Let’s focus on trade and the role of FTAs. Several issues, ranging from the removal of tariffs and non-tariff barriers to collaboration over regulations and standards, resilient global value chains and the integration of Micro, Small and Medium Enterprises in these chains are now being discussed as part of FTAs among G20 members. This helps us build a wider consensus on matters related to the World Trade Organization (WTO) and other forums.

To build strong trade partnerships, India has taken the right decision to launch a series of FTAs and bilateral trade discussions with key trade partners. Today, global leaders and business communities look at India as an important trade partner and market. This, together with targeted domestic reforms to facilitate trade and foreign investment, has aroused business and trade interest in the country from across the world. India’s Comprehensive Economic Cooperation and Partnership Agreement (CECPA) with Mauritius, Comprehensive Economic Partnership Agreement (CEPA) with the UAE, and Economic Cooperation and Trade Agreement (ECTA) with Australia were quickly sealed within two years. Trade negotiations with the UK are at an advanced stage; both sides have tried to address many sensitive issues through dialogue and cooperation, with an objective to almost double bilateral trade and investment flows. The relaunch of trade negotiations with the EU and Gulf Cooperation Council (GCC), bilateral trade talks with GCC-member Oman, ongoing negotiations for upgrading the ECTA with Australia to a comprehensive agreement, and bilateral talks with Peru and Nigeria are some other examples of India’s global trade-talk engagements across multiple geographies. India has successfully resolved its WTO disputes with the US and is reviewing its existing trade agreement with the Association of South East Asian Nations.

India has also shown its willingness to discuss emerging issues in its FTAs. The digital trade chapter in the India-UAE CEPA is one such example.

In the past few years, there have been more than 100 interactions on trade and investment between the ministry of commerce and a range of important interlocutors such as industry representatives, academics, legal experts and businesses communities in India as well as its FTA partner countries. Officials of different ministries have worked closely with each other to negotiate and fine-tune FTA negotiations. More than 5,000 businesses in FTA partner countries participated in business forums and B2B meetings. Piyush Goyal, the Union minister of commerce and industry, virtually led or held in person over 50 such meetings.
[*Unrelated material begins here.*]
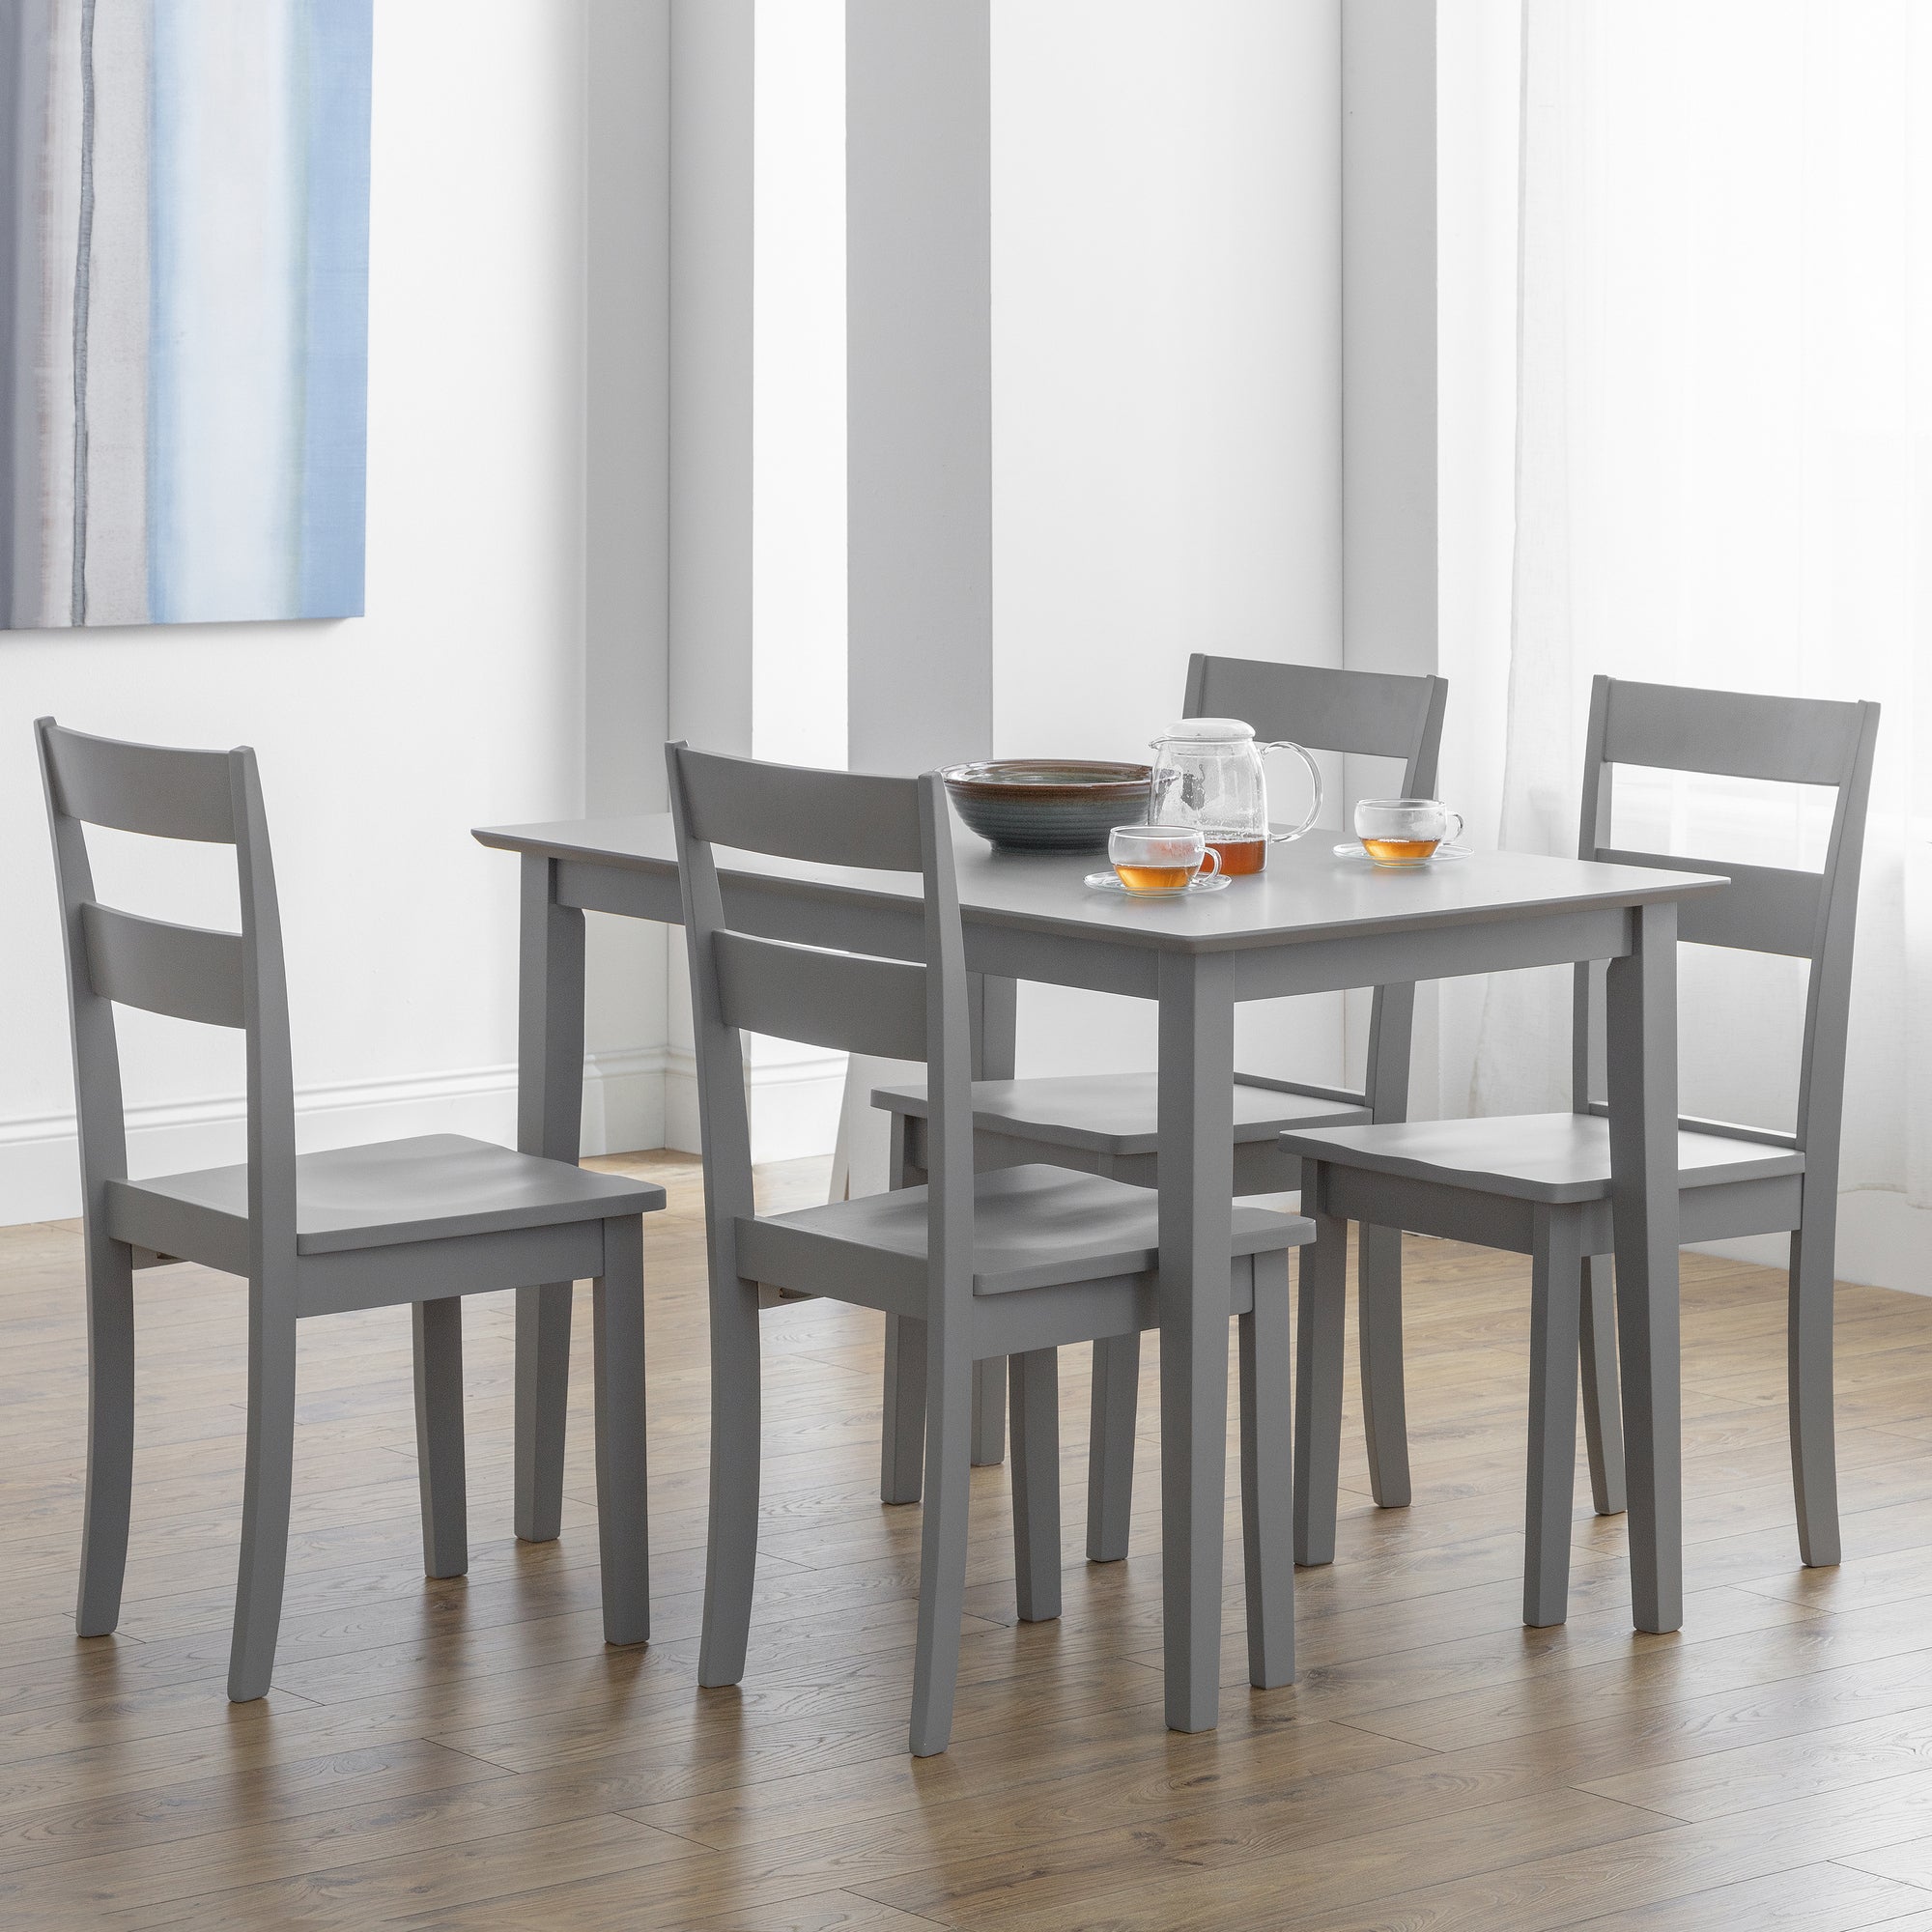 Kobe Rectangular Small Dining Table With 4 Chairs Grey Grey

I got a first-hand experience of the intense work that goes behind FTA talks, having worked closely with officials of Vanijya Bhawan on issues like how to enhance foreign direct investment (FDI) inflows and drive FDI towards India’s sustainable development goals; develop innovative strategies for diversifying markets and boosting service exports under FTAs; and forge a consensus with partners on sectors like express delivery services and alcoholic beverages. These sustained engagements over the past few years have generated an unprecedented global buzz about India and may have also helped India garner support during its G20 presidency.

While India will hand over the G20 presidency to Brazil in November, it will continue to play a key role in the group by working closely with Brazil and the US. Behind the scenes, FTAs will continue to be a medium for continued government-to-government engagements and business-to-business collaborations.

Commitments under FTAs will help enhance our exports and provide investors in India and FTA partner countries a stable and predictable regime for doing business.